El rey estaba tan asombrado de que un viejo vagabundo le hablara de ese modo que no
pudo contener un ataque de risa. Al otro lado de la puerta, los criados no daban crédito a
lo que oían. Era la primera vez que oían reír al rey desde la muerte de su esposa. En los
aposentos reales, el Sabio del Bosque seguía dando órdenes al rey:

—Vamos, tráeme algo de comer. Estoy muerto de hambre.

Era tal la desfachatez de aquel anciano, que el rey no se atrevió a contradecirle: pensaba
que estaba loco. Se levantó de la cama y gritó desde la puerta que trajeran almuerzo para
el invitado. Los criados regresaron con pan, queso, viandas, frutas y vino para el anciano.
Después cerraron las puertas. Mientras el Sabio del Bosque tomaba asiento en la enorme
mesa en la que se habían dispuesto los alimentos, el rey le preguntó:

—Antes de sentarte a mi mesa, comerte mi comida y beberte mi vino, dime quién eres y
por qué me hablas de ese modo. También quiero saber qué llevas en este frasco que has
dejado sobre la mesa.

—Siéntate a almorzar conmigo. No me gusta comer solo. Luego te lo contaré. Admirado


por la autoridad del anciano, el rey hizo lo que le pedía y comió con él.
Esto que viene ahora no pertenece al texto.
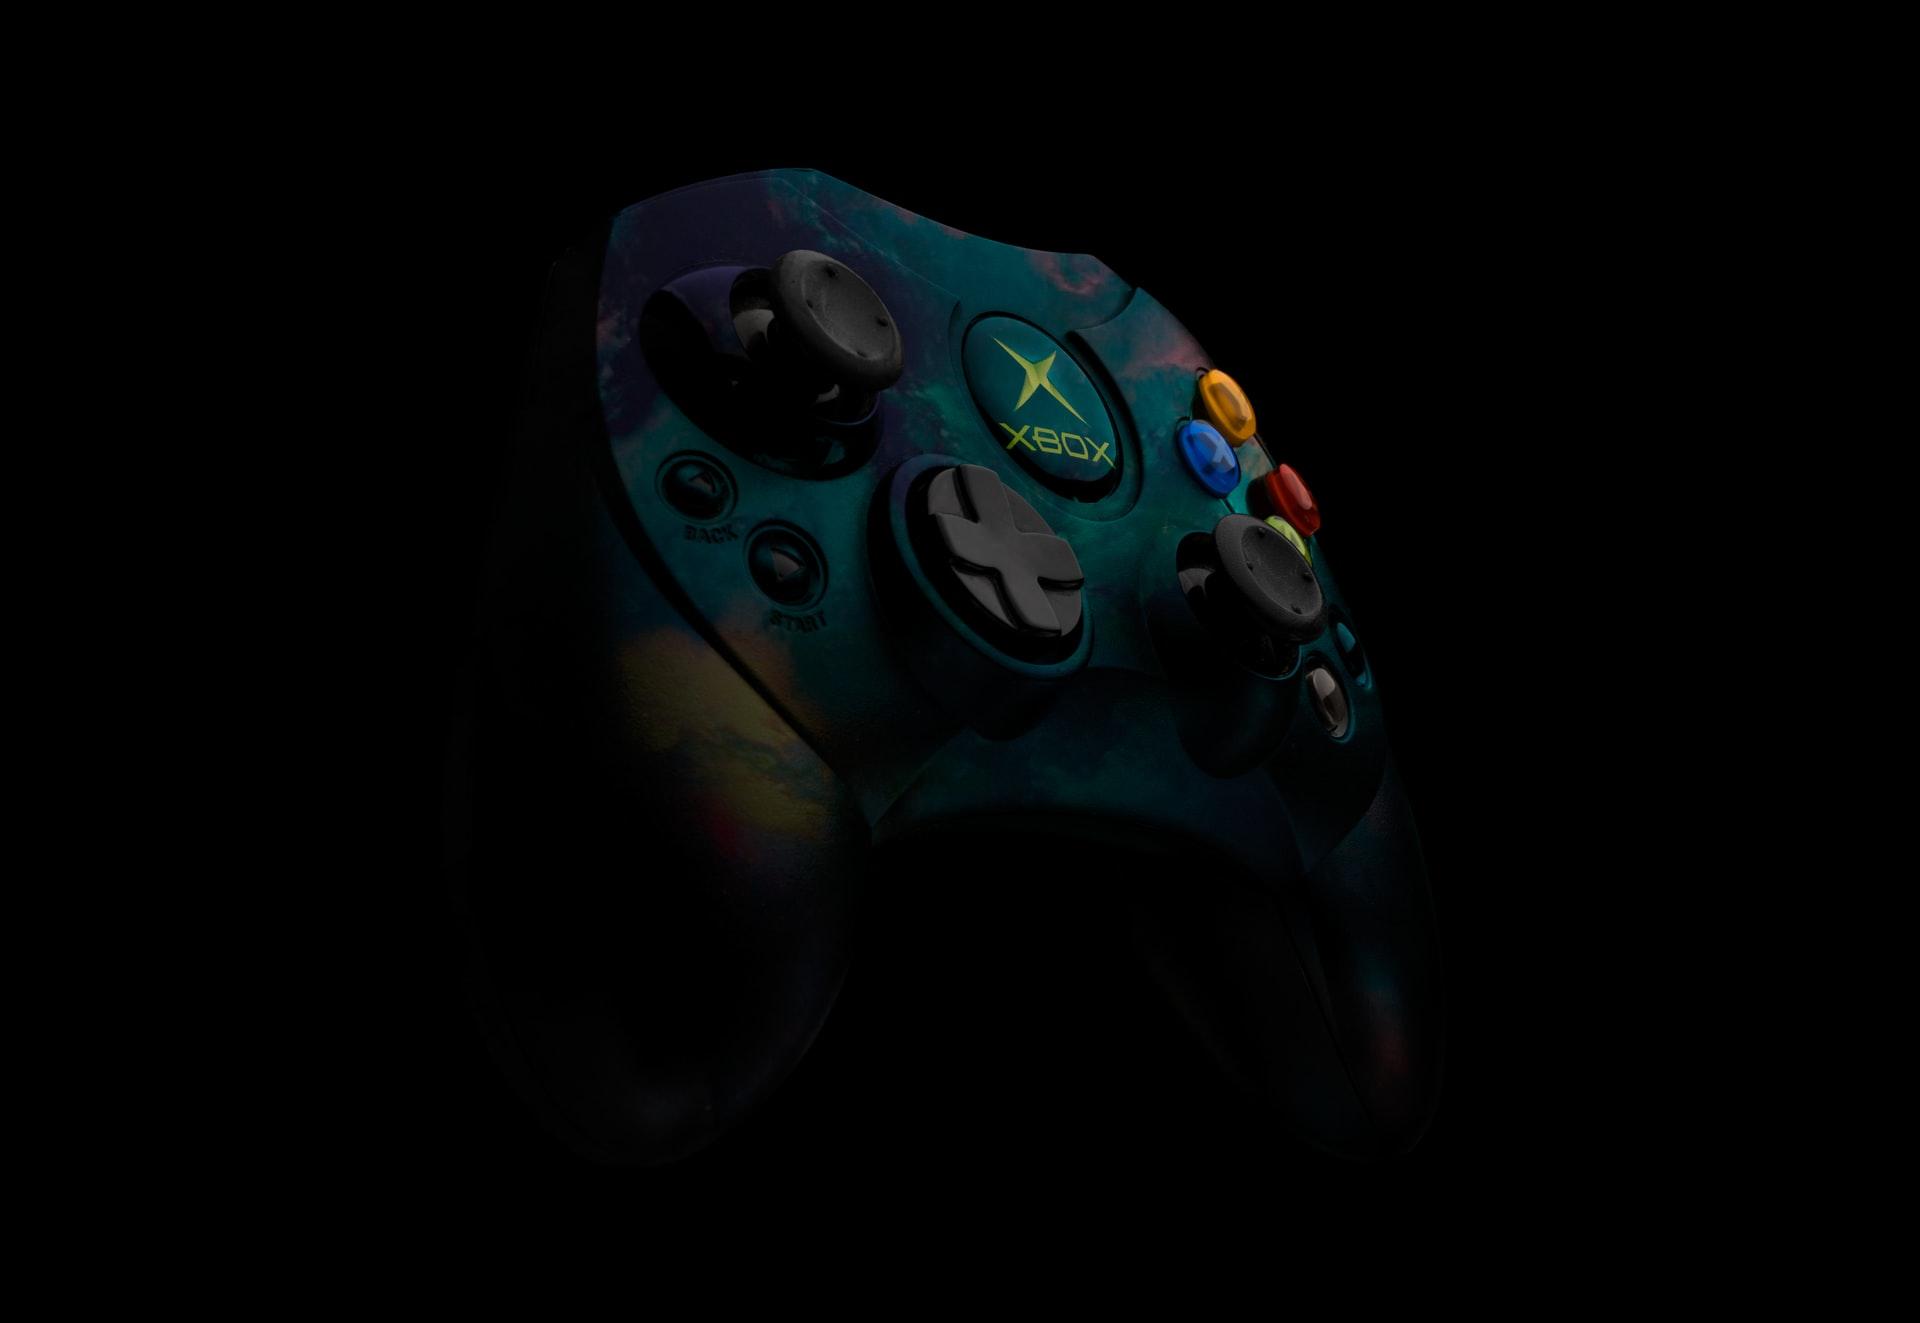 Le contrôleur de la Xbox

Entre bocado y bocado, el Sabio del Bosque contaba aventuras, que hicieron las delicias
de su anfitrión. Terminado un primer plato, el anciano cogió el frasco lleno de agua y dijo:

—Aquí dentro llevo tu melancolía. Fíjate ahora lo que hago. Dicho esto, destapó el frasco
y vertió en el suelo la mitad del líquido. Luego declaró:

—La tristeza compartida pesa la mitad. Ahora ordena a dos criados que vengan a comer
con nosotros. Pero quiero que les sirvas tú. Asombrado ante esta idea, el rey abrió la puerta
de sus aposentos y ordenó a dos vigilantes que se unieran a su mesa. El rey y el anciano
tomaron con gran apetito un segundo plato, mientras los recién llegados devoraban lo que
les había servido su propio monarca.

Pronto los cuatro empezaron a reír y a cantar, lo cual sorprendió a los criados que se
agolpaban detrás de la puerta para ver lo que pasaba. Entonces, el Sabio del Bosque
destapó nuevamente el frasco de la melancolía y lo vació nuevamente hasta que sólo
quedó un cuarto.

—Porque has compartido tu mesa con nosotros —dijo—, ahora llevamos tu pena entre
cuatro y es mucho más ligera. Abre las puertas del castillo y convida a tantos comensales
como quepan alrededor de esta mesa. Dicho y hecho: el rey ordenó abrir las puertas del
castillo y, de excelente humor, ordenó que vaciaran las despensas para servir un inmenso
banquete.

Pronto la sala se llenó de cientos de criados, artesanos, abuelas, labradores, niños, y se


organizó una enorme fiesta que fue recordada durante muchos años. Cuando, al caer la
tarde, todos los invitados se despidieron calurosamente del rey, no quedaba una sola gota
de melancolía en el frasco. Antes de volver a las entrañas de su bosque, el sabio dijo:

—Ahora ya conoces el secreto de la felicidad: así como la pena se divide al compartirla, la


alegría se multiplica cuanto más se reparte.